Manila: State prosecutors and the Anti-Money Laundering Council (AMLC) legal officers have secured the conviction of a compliance officer charged under Republic Act (RA) 9160, or the AML Act of 2001, for his role in the 2016 Bangladesh Bank heist, the Department of Justice (DOJ) said Thursday. In a news release, the DOJ said Anthony Pelejo, as a compliance officer of Philrem Service Corp., 'failed to keep records as mandated by law.'
According to Philippines News Agency, Philrem is a remittance agent duly registered with the Bangko Sentral ng Pilipinas (BSP) and is a covered institution under RA 9160. The DOJ said the BSP received in 2016 a request from the Governor of Bangladesh Bank to investigate several unauthorized payment instructions totaling USD81 million directed to Rizal Commercial Banking Corp. (RCBC).
The investigation showed that USD80.88 million was deposited into the RCBC bank account of William So Go, doing business under the name Centurytex Trading. 'Go made several fund transfers to the RCBC bank account of Philrem Service Corporation (PHILREM), and the latter further made several transfers to Bloomberry Resorts and Hotels, Inc. (Solaire), Eastern Hawaii Leisure Company, and Wei Kang Xu,' the DOJ said.
Under RA 9160, covered institutions, such as Philrem, are required to maintain and store records of all transactions, including customer identification documents, for five years from the date of the transaction. 'The law does not provide for any exception relieving covered institutions of their obligation to maintain and store records on the ground that such information may be available with other banks or financial institutions.
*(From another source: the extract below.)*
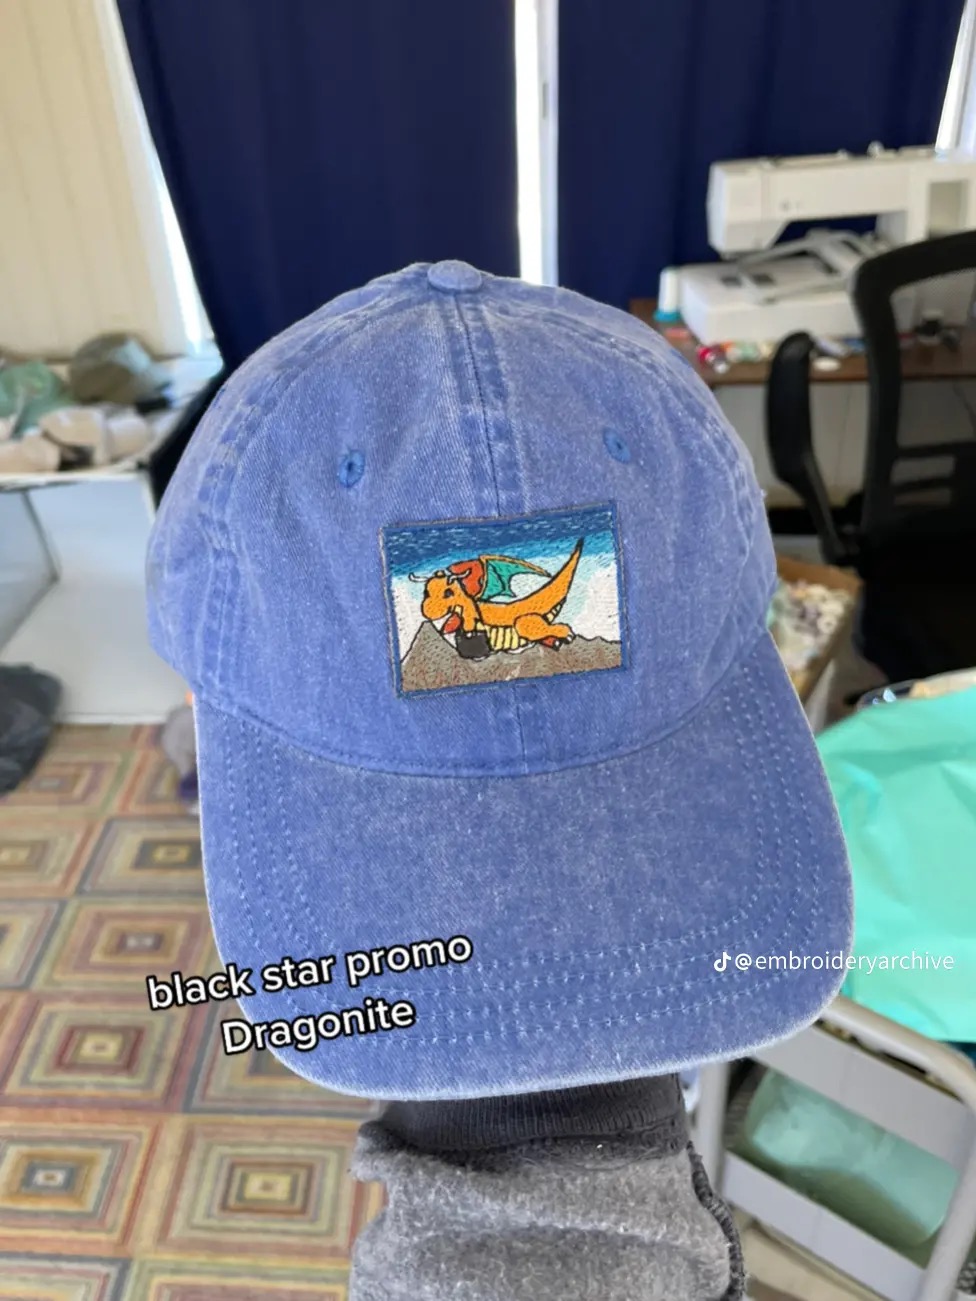 I saw some very cool hats embroidered with card art - General

Philrem's failure to maintain customer identification records constitutes a clear violation of law,' the DOJ said.
The law provides a penalty of imprisonment of six months to one year, or a fine of not less than PHP100,000 but not more than PHP500,000, or both. This conviction, the DOJ said, is a first in Philippine law, where a compliance officer violated the mandatory record-keeping of a covered institution. 'Section 9 of RA 9160 mandates that covered institutions maintain client records for at least five (5) years and report covered or suspicious transactions to the Anti-Money Laundering Council. It requires strict customer identification (KYC) and imposes penalties for failure to keep records or for breaches of confidentiality,' it added.